AL: Other than that process, is it that you don't like to repeat yourself in following the same approach to writing, and if so, is it due to boredom that you avoid writerly habit?

HM: Every book is different in the way it is written. I do not think it's a question of being bored. I think I’m drawn to trying different things.

AL: I wanted you to comment on the phrase "The wealthy amateur," the first words of The Conversions.

HM: Grent Wayl.

AL: And this phrase also shows up in Perec's book.

HM: About Bartlebooth?

AL: Yes. And another character. He is described this way. I'm not sure that I understand this phrase. It sounds like something out of a novel by Jules Verne.

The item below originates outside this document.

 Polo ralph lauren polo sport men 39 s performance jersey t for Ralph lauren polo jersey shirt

Is there some special significance behind it?

HM: No. Grent Wayl is like the protagonist in Impressions of Africa. He's like the people in the novels of Raymond Roussel generally. He's like Roussel himself. Roussel as a writer was really an amateur. He was an amateur in other fields. I don't understand the question. The opening of The Conversions  is a very loaded sentence. There isn't an explanation. There's no hidden meaning.

AL: I thought that there was a problem here, that this phrase was some known designation of the past.

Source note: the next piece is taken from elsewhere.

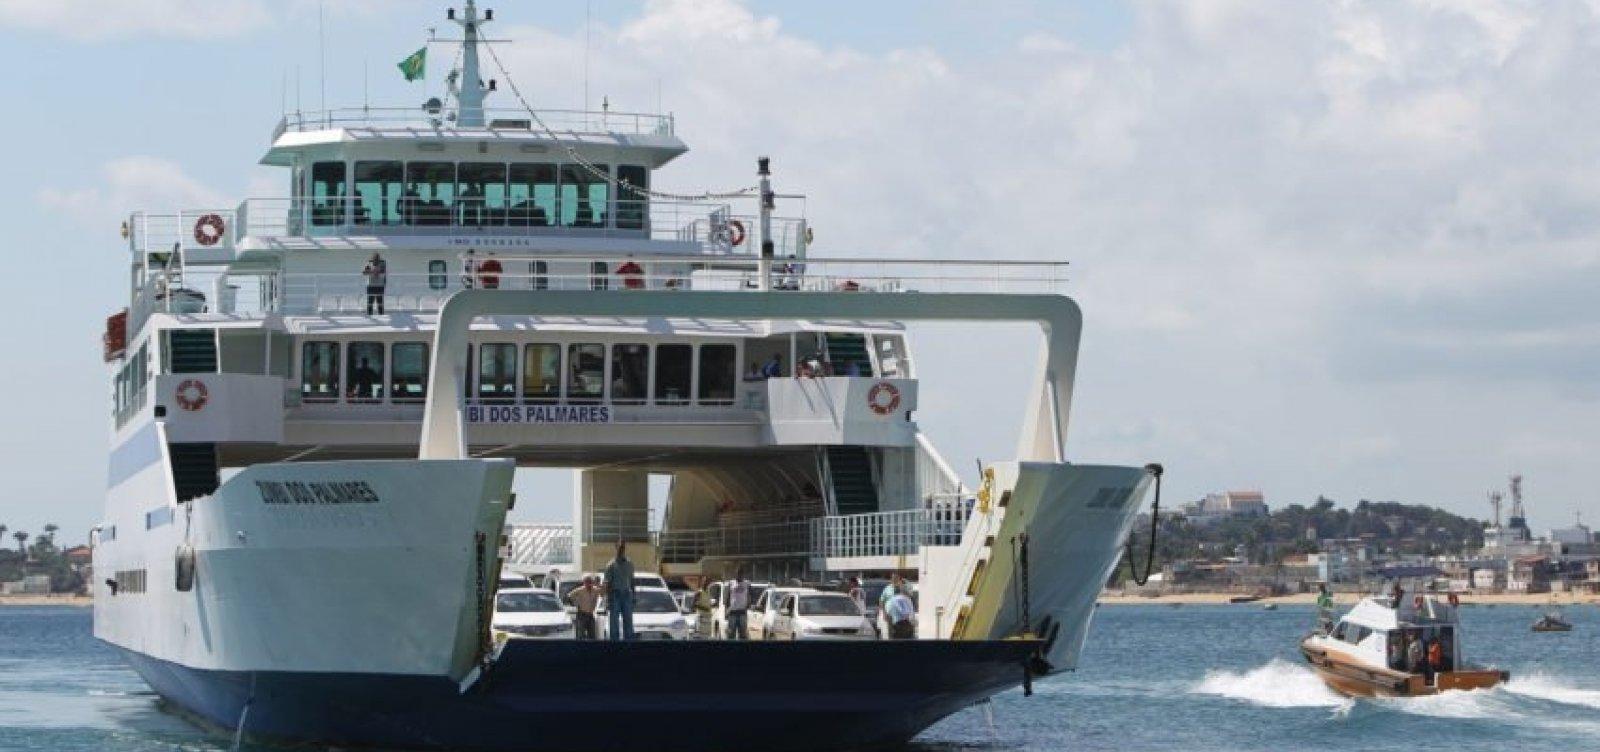 [Ferry-boat registra fluxo tranquilo na tarde deste domingo]

HM: It's sort of like a 19th century figure. There's nothing realistic about it, in The Conversions

AL: The Way Home  is a book published by The Grenfell Press (Leslie Miller). You collaborated on this book with the artist, Trevor Winkfield. Your short story is there next to photoengravings by Winkfield. More and more recently I have seen these editions coming out with artists and writers collaborating.

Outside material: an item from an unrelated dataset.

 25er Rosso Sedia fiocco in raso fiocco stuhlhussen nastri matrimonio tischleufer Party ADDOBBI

HM: They have been doing this for a long time. It's become profitable now. Speculators have now entered the market, so there is a market for it. More than there was at one time, thirty years ago. Then, even poets like John Ashbery, Kenneth Koch, and Frank O'Hara were doing books with painters.

AL: What is an average day like for you now?

HM: I get up around eight, and have breakfast. I usually read part of The Economist, or if I've finished that, I usually read part of a book of contemporary history. I work from about nine till one in the afternoon, till lunch. That is my goal. And after lunch, I may work again. There's usually a lot of things that arrive in the mail that need attending to. This week I've been spending an half an hour in the afternoon proofreading the copyedited text of a bunch of critical essays. There are things like that. I schedule myself, but I don't always keep to the schedule. That is the only way I get anything done. When the work is all done I usually play the piano for an hour. It's fun and games from then on. In Paris, I'm usually with my wife. We talk, read, or go out. It depends. It's the social part of the day. My days are pretty much alone, except for lunch with Marie.

AL: So you've been married to Marie Chaix, also a writer, for quite
a while now.

HM: For thirteen years.

AL: And she stays in Paris when you come to New York?

HM: She comes with me when she can, but she has a daughter who is still in high school.

AL: You have a new novel on the way?

HM: It's called The Journalist. Immeasurable Distances, a book of critical essays will come out in December 1991, published by The Lapis Press.